Les professeurs seront-ils bientôt testés toutes les semaines ? C’est l’idée qu’a évoquée Frank Vandenbroucke, ministre fédéral de la Santé sur les ondes de Bel-RTL vendredi matin. Le ministre s’est également engagé à donner des moyens aux entités fédérées pour atteindre cet objectif. "Je pense que nous pourrons bientôt lancer le testing répétitif du corps enseignant via un test salivaire. Les différents ministres de l’Enseignement sont très intéressés par cette stratégie et des discussions sont en cours avec la task force testing. Cela permettra d’agir très vite et de façon précoce en cas de cluster."

Mise en place trop lente

La ministre de l’Éducation Caroline Désir s’est réjouie des annonces du socialiste flamand. "On ne peut que se réjouir de cette main offerte par le gouvernement fédéral.

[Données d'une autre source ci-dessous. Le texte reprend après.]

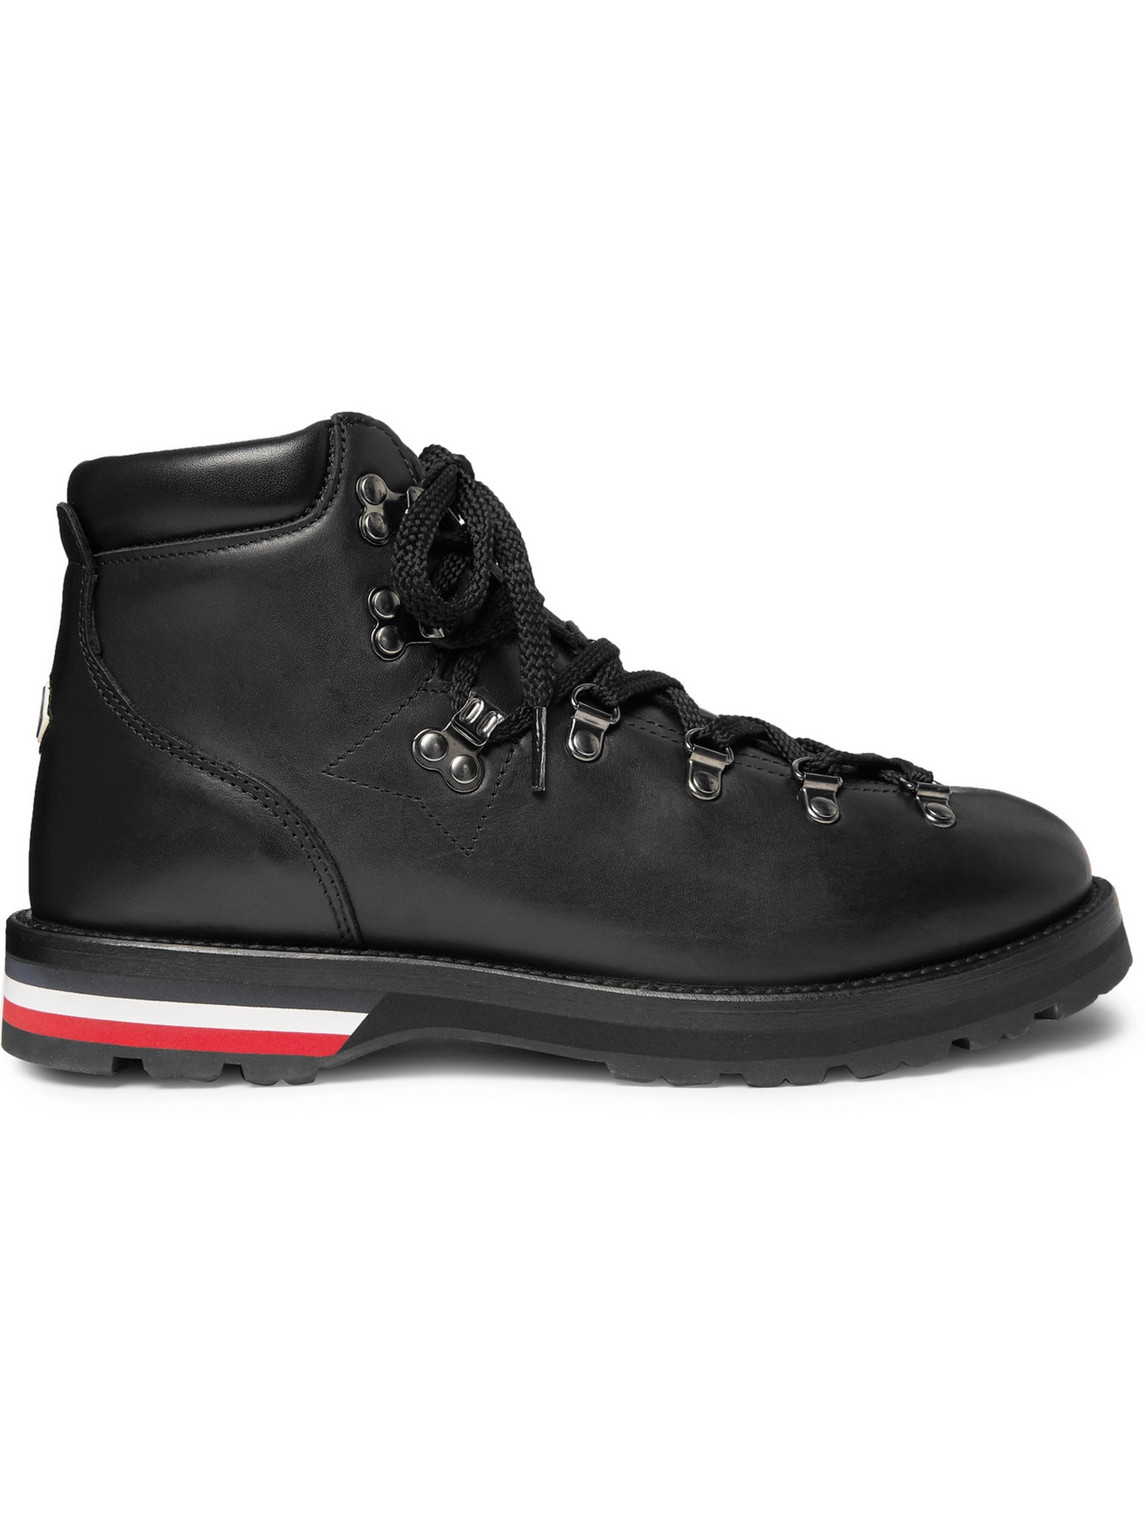 Moncler - Striped Full-Grain Leather Boots - Men - Black - EU 41.5 von Moncler
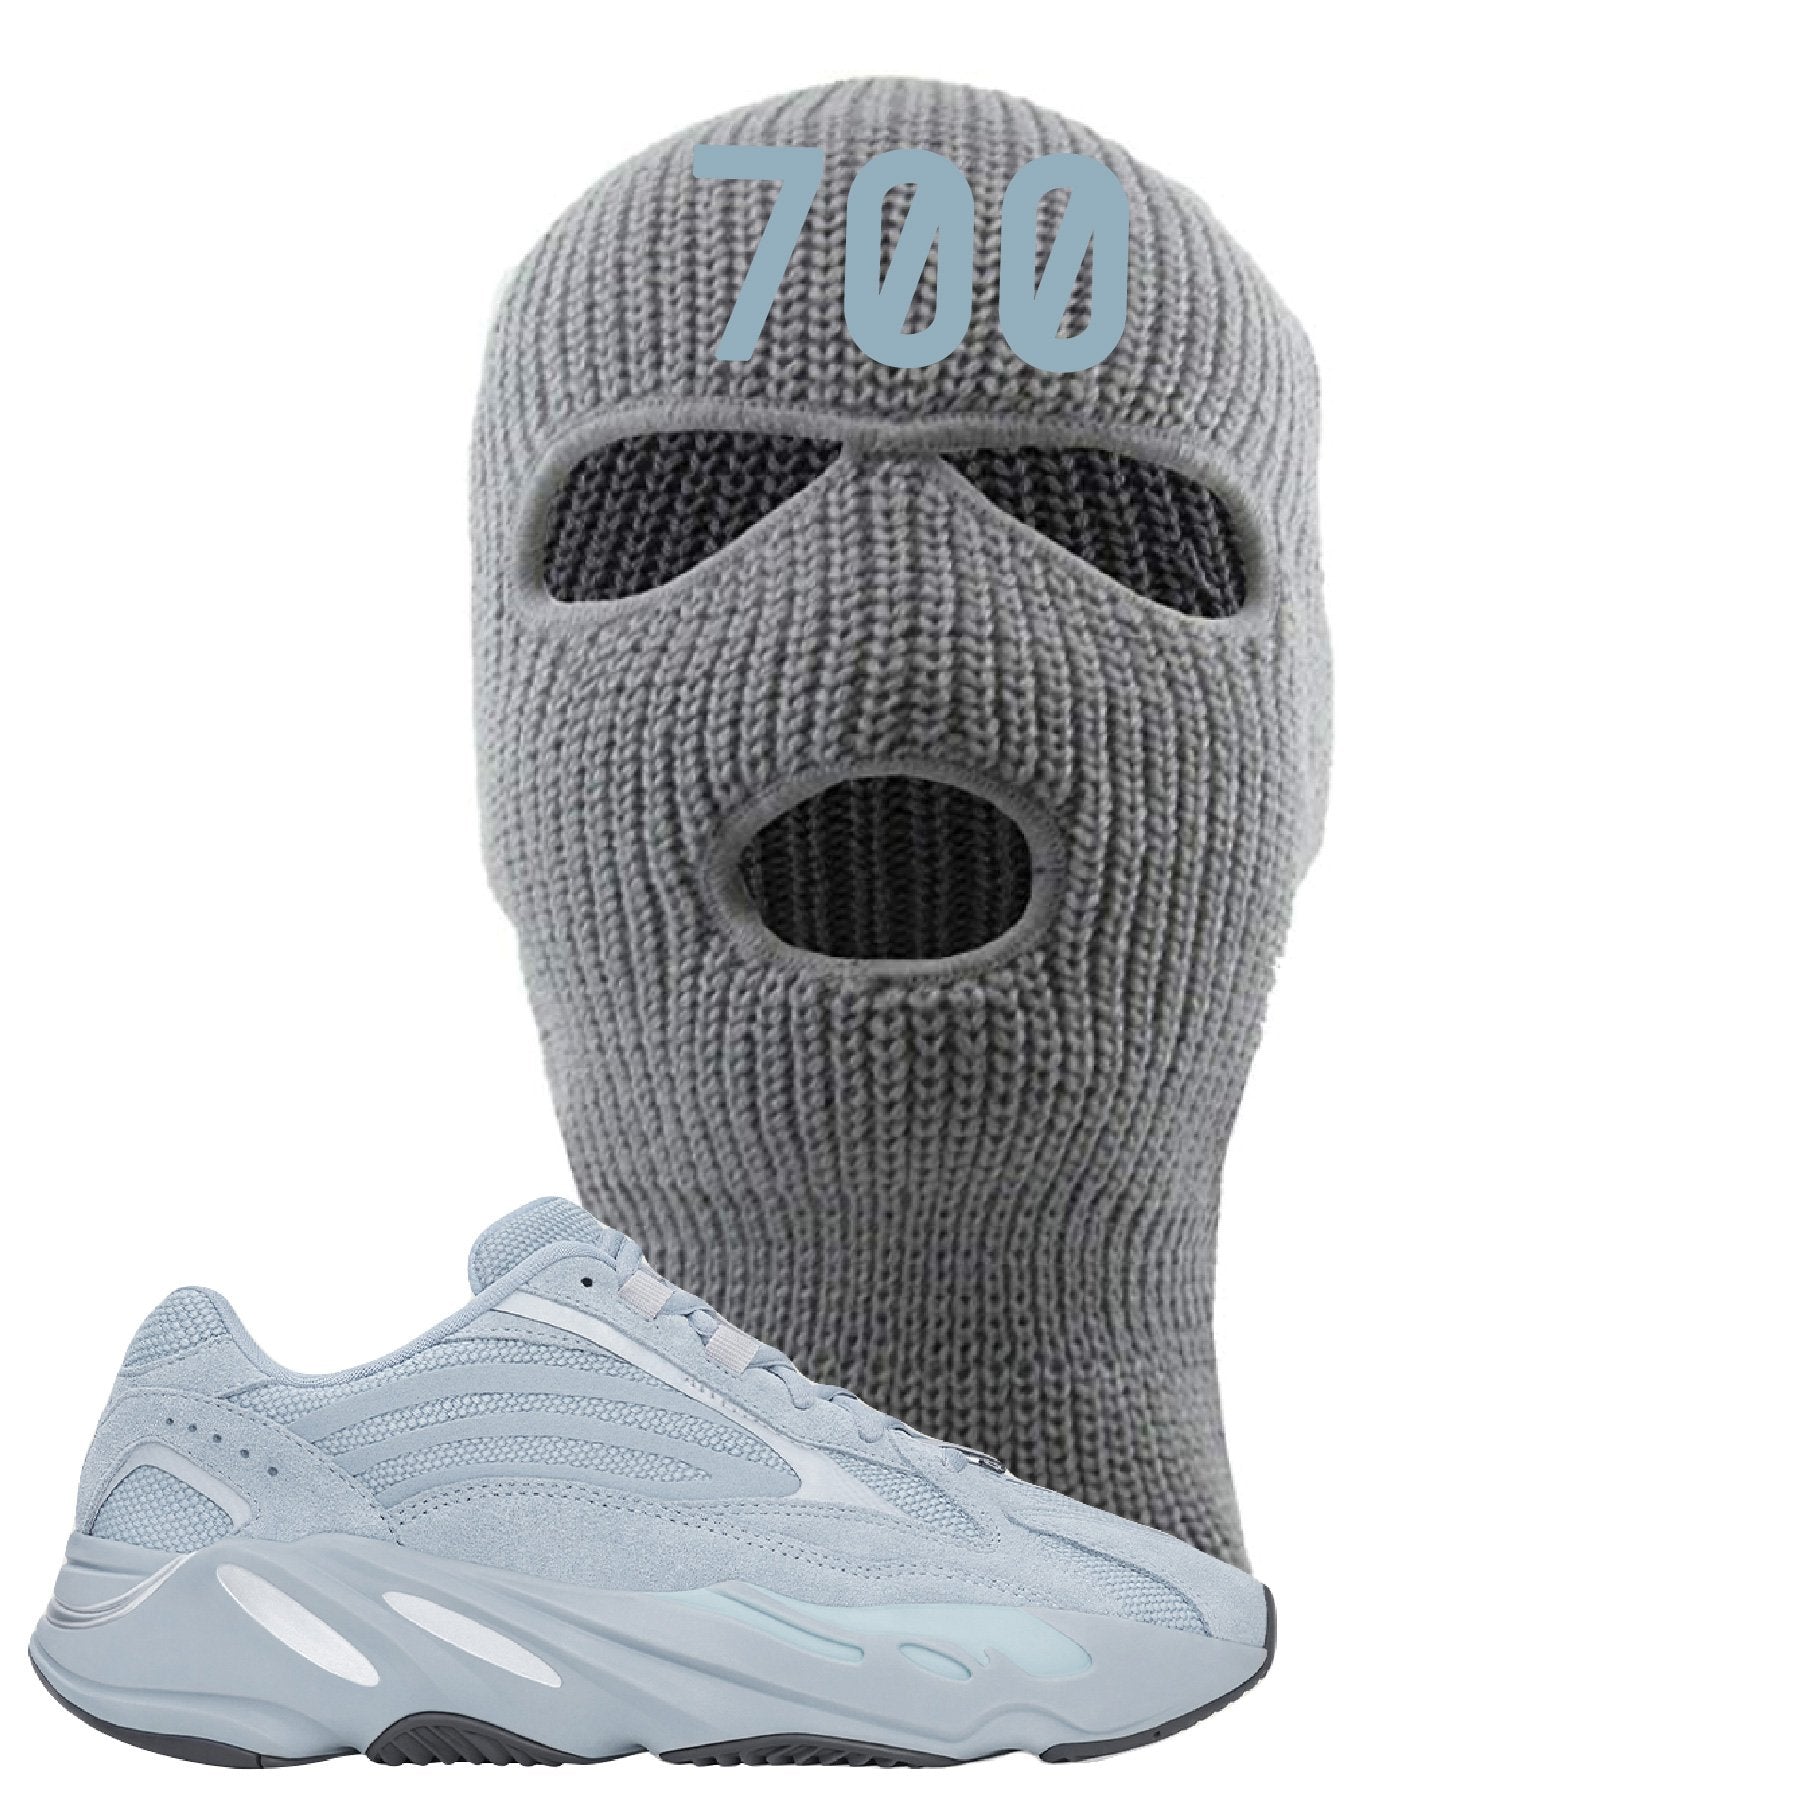 Yeezy Boost 700 V2 Hospital Blue 700 Sneaker Matching White Light Gray

Tout ce qui peut aider à maintenir les écoles ouvertes est bon à prendre", déclare son porte-parole.

Selon lui, le projet n’en serait encore qu’à un stade embryonnaire. "L’idée serait de pouvoir tester tous les enseignants chaque semaine afin de pouvoir agir directement s’il y a des enseignants positifs au virus. Mais il faut encore déterminer précisément comment les choses vont pouvoir se mettre en place, comment on va pouvoir acheminer les tests vers les écoles et les envoyer vers les laboratoires, etc. On doit aussi déterminer quelles écoles seront prioritaires."

Les syndicats se réjouissent également de l’organisation prochaine de ces tests. La CGSP-Enseignement déplore toutefois la lenteur de la mise en place du projet.

"Jusqu’à présent, on avait toujours refusé notre demande de pouvoir faire tester les enseignants. On n’a jamais compris pourquoi il y avait cette frilosité du côté du gouvernement. C’est un combat qu’on mène depuis six mois déjà", souligne Joseph Thonon, président du syndicat d’enseignants.